What is a microcontroller?
A general microcontroller is a state machine that takes instructions as input and executes them. And those controllers range from very simple to very complex. From the Picoblaze (pacoblaze) to the most advanced ARM core, anything you want. Hence, the main thing is that a software person writes a program. Unless coded in machine code, the software is compiled towards a specific ISA (Instruction Set Architecture) specific for that processor. Consequently, the processor executes it starting at the first line of code. But it is less complex than a System-On-Chip (SoC). Because in a system you have a variety of communication interfaces or dedicated logic next to the controller or processor. Admittedly, there is a boundary where a controller becomes a system. But that is usually marketing that defines the exact wording for a chip. And processor and controller are sometimes used for "a machine that executes instructions".
Conclusion
Now we know that every controller has an instruction set that allows you to use the features the controller has. For example, there is arithmetic. You can add and subtract numbers, fixed or floating point depending on what the controller supports.
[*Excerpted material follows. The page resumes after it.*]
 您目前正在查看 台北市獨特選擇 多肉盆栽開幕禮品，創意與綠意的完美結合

To link the three types mentioned in the question together, a microcontroller design described in HDL (hardware description language) can be targeted towards an FPGA. You can configure the FPGA and use the FPGA with the microcontroller design inside it. Similarly, you can put more data processing next to the microcontroller in the FPGA if the extra logic fits in the device. Hence, we are talking flexibility here. If a DSP soft core (HDL) is overkill, you can put a different processor inside the FPGA. Plus, if the business case allows it, you can put a microcontroller design inside an ASIC as well. Application specific and with a considerable cost, but it is possible.
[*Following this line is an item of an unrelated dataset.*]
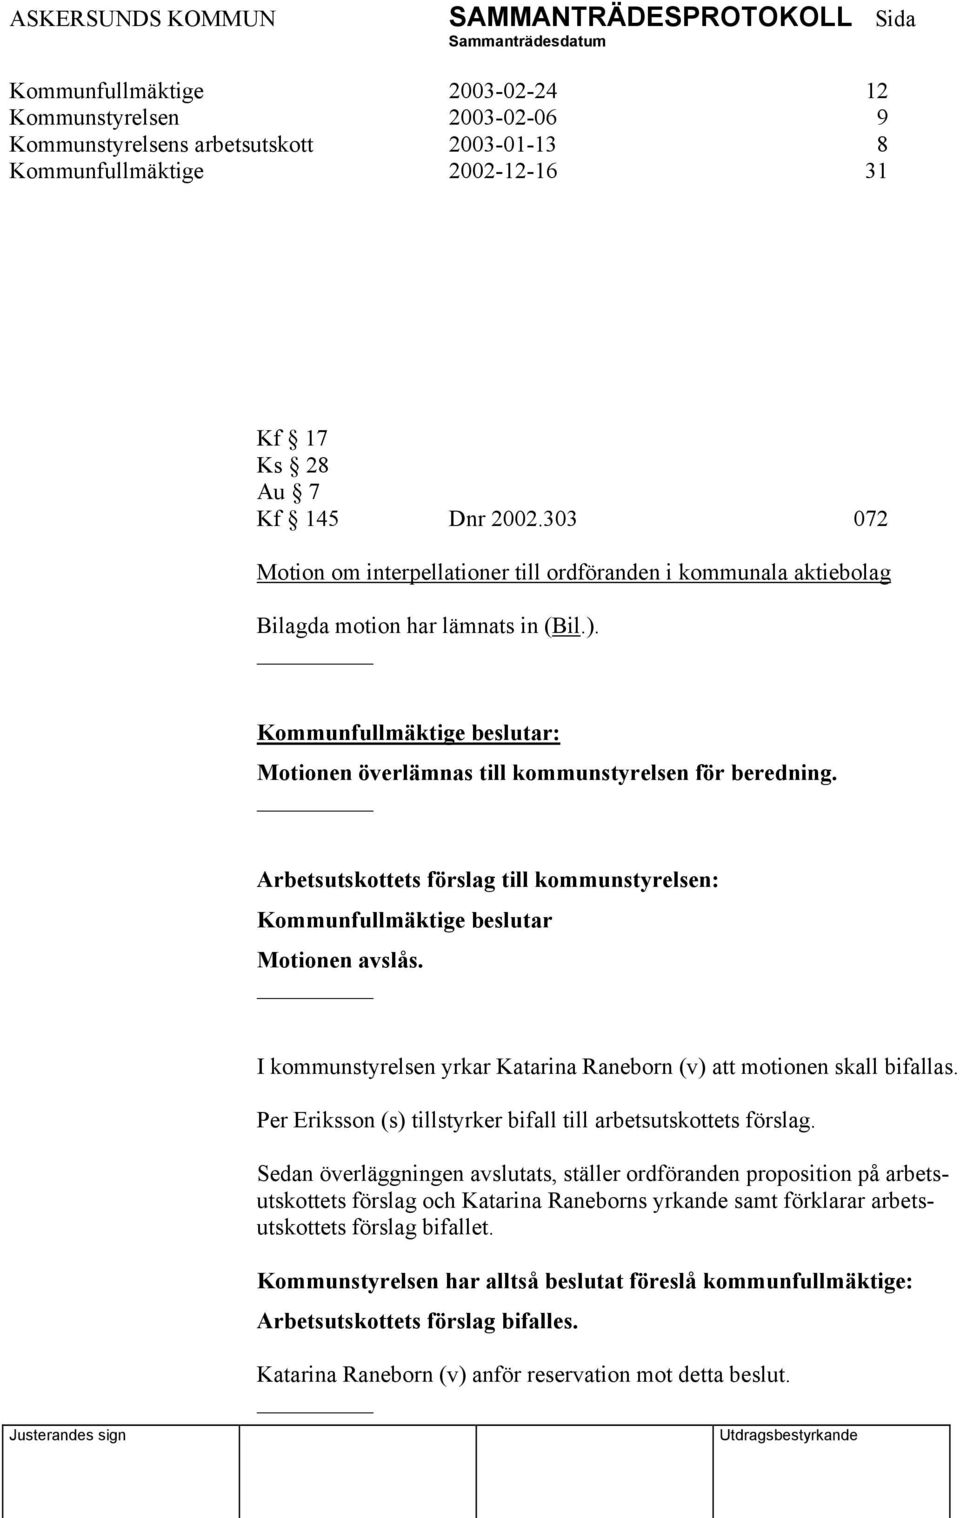 Arbetsutskottets förslag till kommunstyrelsen: Kommunfullmäktige beslutar Motionen avslås. I kommunstyrelsen yrkar Katarina Raneborn (v) att motionen skall bifallas.

Microcontrollers, PIC comes to mind, are just the controller in a chip. They are mass produced and have a specific ISA. hence, they have typical applications where a PIC is used to control -for example- a camera. Low cost and simple. Hobbyists use them as well. Think of Arduino built around the Atmega. As soft (IP) cores processors are heavily used in system on chip designs (FPGA and/or ASIC). Consequently they control and monitor the other parts of the system. Because the program that runs on the microcontroller allows flexibility to configure the chip differently (applications). For ASIC, usually the (boot) program for a controller resides in an EEPROM outside the ASIC. For FPGA, the application program is usually uploaded or already present in the block RAMs inside the FPGA.